Hiroe Niinuma

Personal information
- Born: Hiroe Yuki 湯木 博恵 15 November 1948 Kaita, Hiroshima Prefecture, Japan
- Died: 7 September 2011 (aged 62) Tokyo, Japan
- Height: 1.61 m (5 ft 3 in)
- Weight: 60 kg (132 lb)

Sport
- Country: Japan
- Sport: Badminton
- Handedness: Right
- Coached by: Kiyoshi Mori
- Retired: 1981
- Event: Women's singles

Women's singles
- BWF profile

Medal record
Women's badminton
Representing Japan
World Championships
| Bronze medal – third place | 1977 Malmö | Women's singles |
World Cup
| Silver medal – second place | 1979 Tokyo | Women's singles |
| Silver medal – second place | 1980 Kyoto | Women's singles |
Uber Cup
| Gold medal – first place | 1969 Tokyo | Women's team |
| Gold medal – first place | 1972 Tokyo | Women's team |
| Gold medal – first place | 1978 Auckland | Women's team |
| Silver medal – second place | 1975 Jakarta | Women's team |
Asian Games
| Gold medal – first place | 1970 Bangkok | Women's singles |
| Gold medal – first place | 1970 Bangkok | Women's team |
| Bronze medal – third place | 1974 Tehran | Women's singles |
| Bronze medal – third place | 1974 Tehran | Women's team |
| Bronze medal – third place | 1978 Bangkok | Women's team |

= Hiroe Yuki =

Japanese badminton player (born 1948)

Hiroe Niinuma (新沼 博江, Niinuma Hiroe) (15 November 1948 – 7 September 2011 in Tokyo) was a Japanese badminton player. She won numerous major international titles from the late 1960s to the late 1970s. She is recognized as one of Japan's most successful badminton players, having won the women's singles title at the All England Open four times. In 2002, she became the first Japanese player to be inducted into the Badminton Hall of Fame.

== Early life ==
Yuki was born in Hiroshima Prefecture and raised in Okayama Prefecture, where she began playing badminton during junior high school. She won her first national inter-high school championship while attending Sanyo Girls' High School. She subsequently enrolled at the Japan Women's College of Physical Education and later played for the Kawasaki corporate team.

== Career ==
She became a core member of the Japanese national team, helping the country win the Uber Cup five times between 1966 and 1981.

Yuki (left) with runner-up Noriko Takagi after the 1969 All England women's singles final, where Yuki became the first Japanese player to win an All England title.

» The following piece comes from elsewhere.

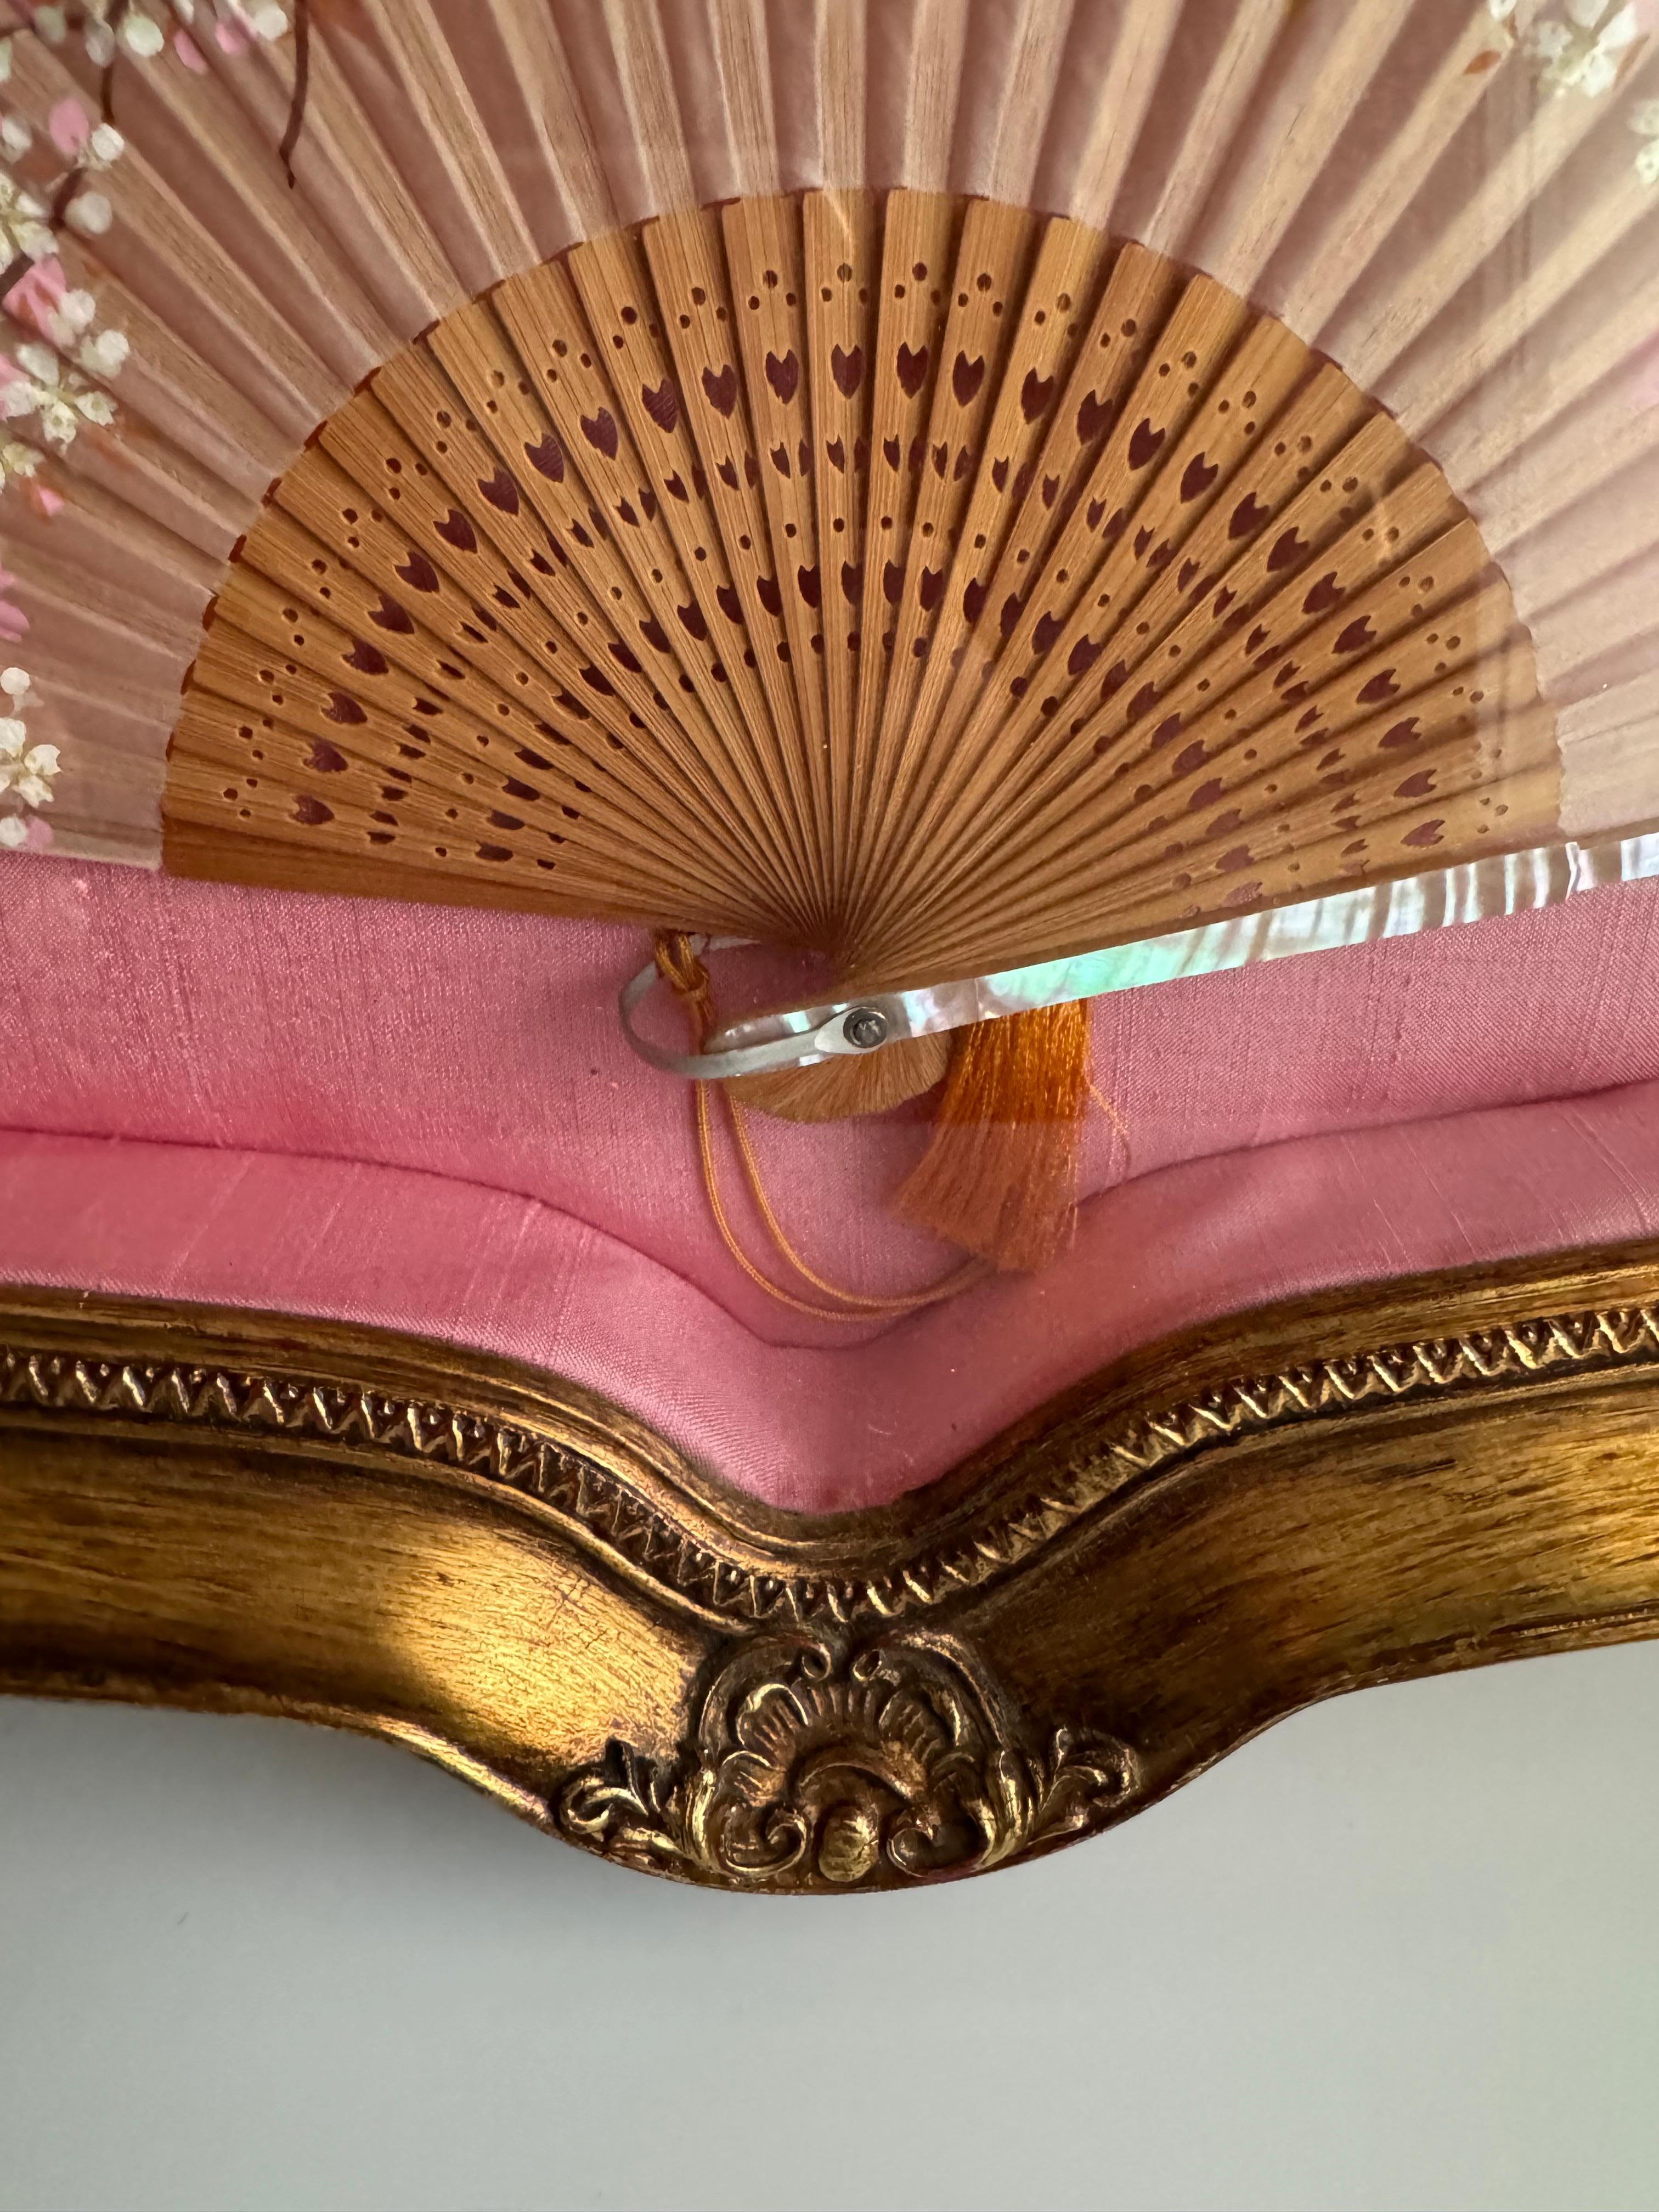 Gorgeous Japanese vintage fan . It features hand-painted Cherry Blossom details and inlaid mother of pearl elements. The fan is displayed within a shadow box frame, which seems to be lined with pink silk, enhancing its aesthetic appeal. The frame

Before the establishment of the World Championships in 1977, the All England Open was considered the premier individual tournament in the sport. In 1969, while still a university student, Yuki made history by becoming the first Japanese player to win an All England Open title in any discipline when she captured the women's singles crown. She went on to dominate the event, winning the title again in 1974, 1975, and 1977. In 1971, she also won the All England Open women's doubles title partnered with Noriko Takagi. Her 1969 singles victory and 1971 doubles victory cemented her legacy as the first Asian woman to claim these titles at the venerated Wembley Arena.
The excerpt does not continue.